They’ve drawn up a profile for the killer, to get inside his head, before he strikes again. It’s something police did in the 1980s, when victims began to fall one by one in Wisconsin.
Jeffrey Dahmer, also known as the “Milwaukee Cannibal,” murdered, dismembered and often ate 17 men and boys that we know about from 1978 to 1991.
Dahmer confessed to the killings after investigators discovered the body parts of at least 11 males inside his apartment. That’s when the interviews began, and his lawyer learned everything there was to know about how and why Dahmer became a serial killer.
Lead attorney Gerry Boyle told NewsNation’s Ashleigh Banfield on Monday that it was Dahmer’s “loneliness that drove him to become a serial killer.”
“He was the loneliest man I’ve ever known in my life,” Boyle said Monday night during an appearance on NewsNation’s “Banfield.” “Without friendship, without any goals in life … other than this fantasy of having sex with a dead or unconscious person. That was the only thing he was living for. That’s how sad it is.”

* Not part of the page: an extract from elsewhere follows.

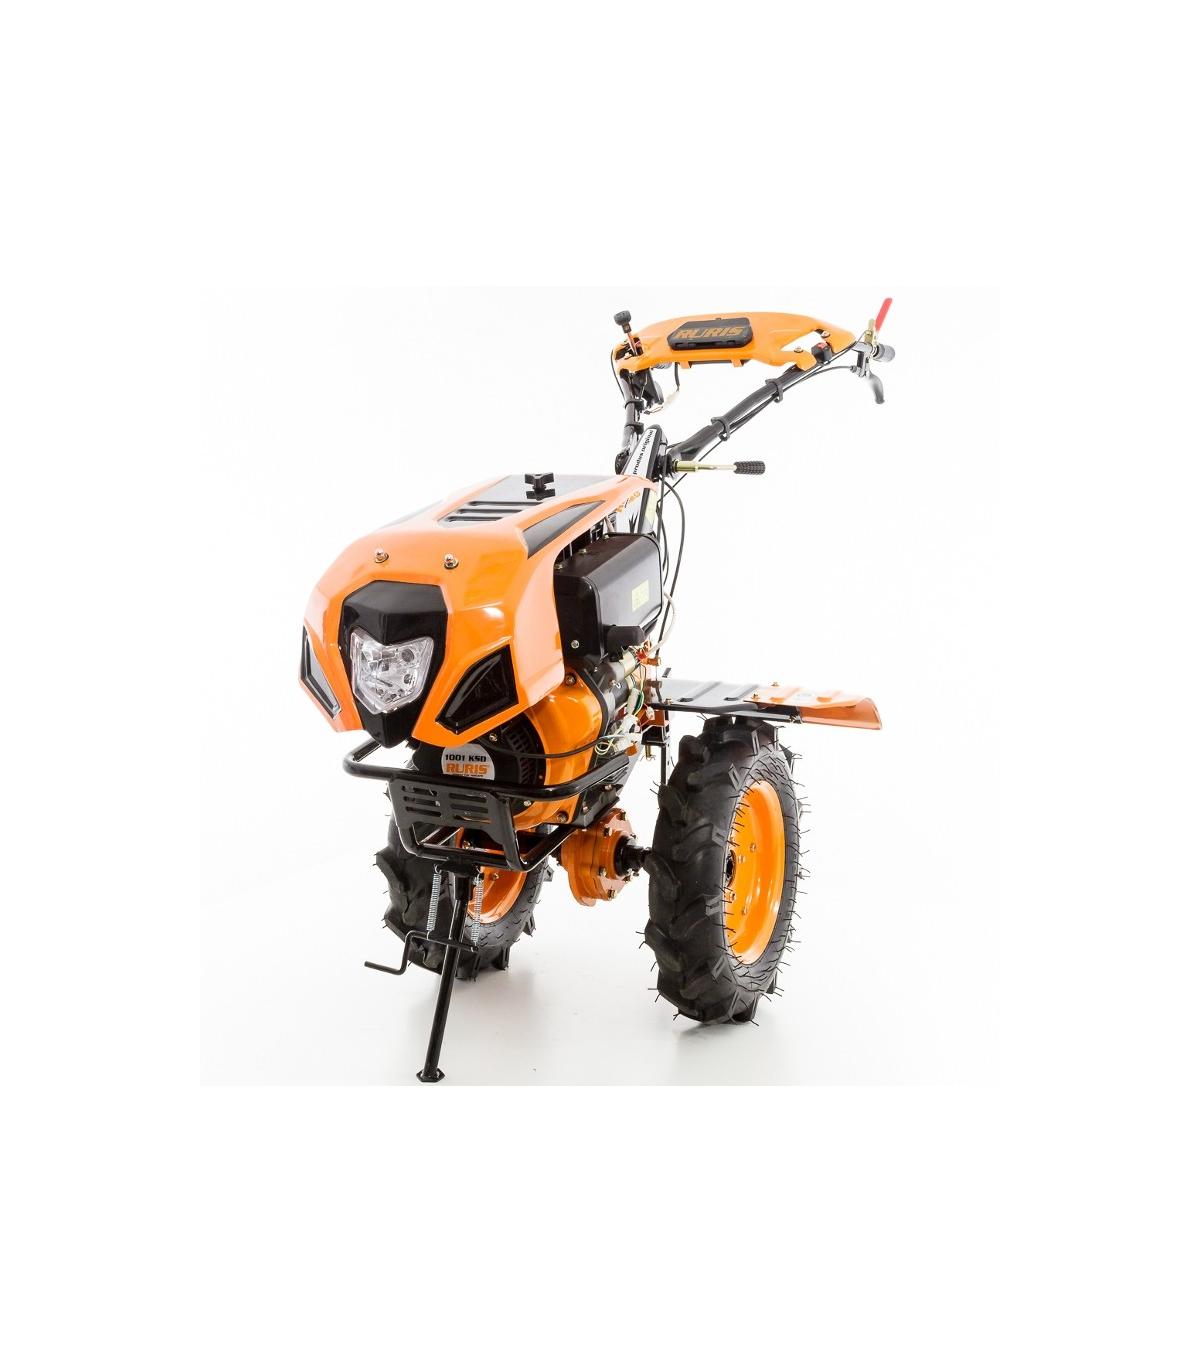 Motoculteur Professionnel Motoculteur Motoculteur Kubota Motoculteur Goldoni

No one had access to Dahmer like journalist Nancy Glass. She was the last person to interview him before he was beaten to death in prison.
Glass told “Banfield” that Dahmer “never had any attachment.” She said his mother never let anyone touch him when he was a baby.
“Lack of detection leads to escalation. So what happens with these serial killers is, they try it once and they don’t get detected. And then they say to themselves, ‘Wow, I can do this,'” Glass added, comparing Dahmer to the Stockton serial killer.